ASHG 55th Annual Meeting, Salt Lake City, October 26-29, 2005
The international genetics community will be represented by more than 4,000 scientists, clinicians, counselors and other professionals presenting their most recent research at the 55th annual meeting of The American Society of Human Genetics in Salt Lake City, Utah. The attendees will participate in almost 30 symposia and workshops in addition to more than 2500 platform and poster presentations focusing on a variety of new research and clinical developments in human genetics, some 200 exhibits from U.S. and international vendors will highlight an unprecedented opportunity to view the latest advances in genetics-related products and services derived, in part, from work presented at this meeting in past years.
Many of the presentations will highlight the theme of the meeting "Realizing the Promise of the Human Genome Project" and will include discussion of advances that stem from resources developed during the completion of the human genome sequence.
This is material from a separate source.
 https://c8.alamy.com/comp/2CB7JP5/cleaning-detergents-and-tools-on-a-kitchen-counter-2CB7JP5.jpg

These include the use of microarrays to simultaneously analyze the expression of thousands of genes during development and disease processes, the identification of genetic factors in behavioral and communication disorders, and discussions of newly discovered genes for voice development and sensory degeneration will be presented.
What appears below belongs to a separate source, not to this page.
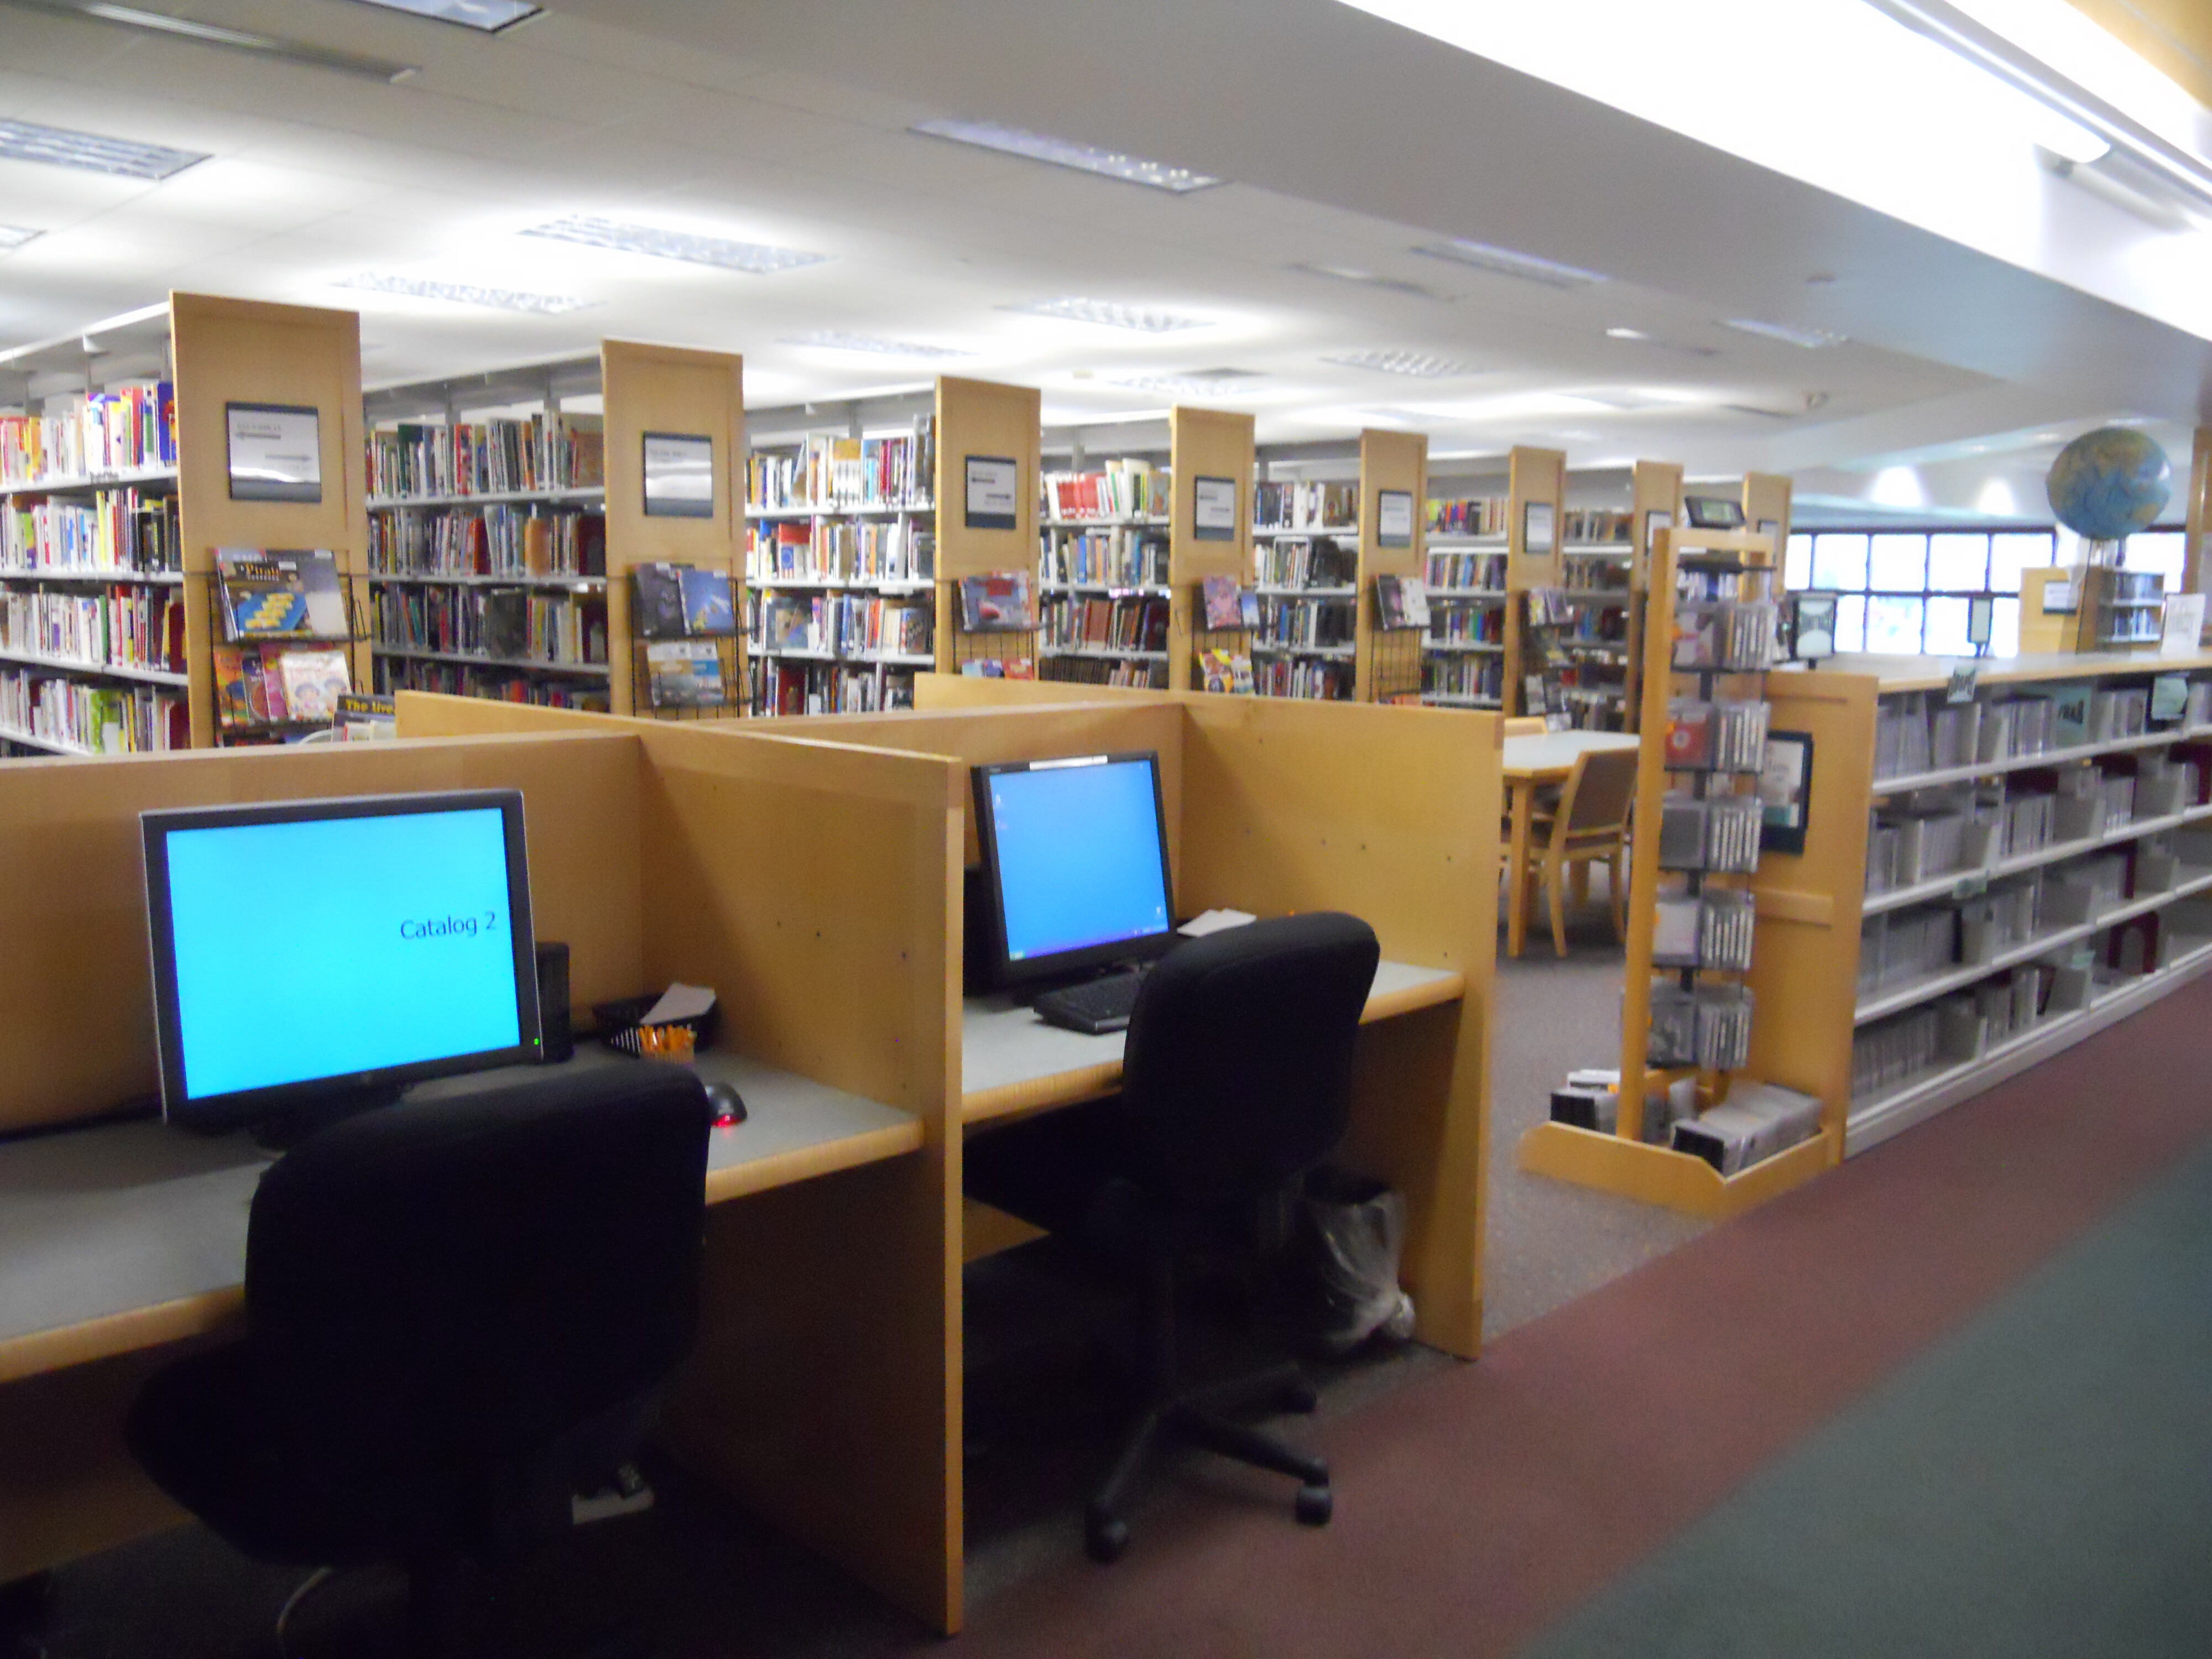 Computers with the library's catalog

The special symposium Genetics and Genomics in the Public Eye, will feature speakers discussing the use of genetic science in the judicial process, the role of genetics in the teaching of evolution in biology programs, and analysis of the media presentations and perceptions of genetics and science to the public. In addition, there will be two sessions on Saturday: a special historical session on "The Origins of the Human Genome Project" and the Distinguished Speakers' Symposium that will discuss the impact of the Human Genome Project on genetics and genomics.
The meeting is the venue for the presentation of major ASHG awards --including the William Allan Award for lifetime contributions to human genetics (to Francis Collins, NHGRI), the Curt Stern Award for major contributions in the last 10 years (to Pat Brown, Stanford University), the Award for Excellence in Education (to Joe McInerney NCHPEG)--and for the Peter Gruber Award (to Robert Waterston, University of Washington).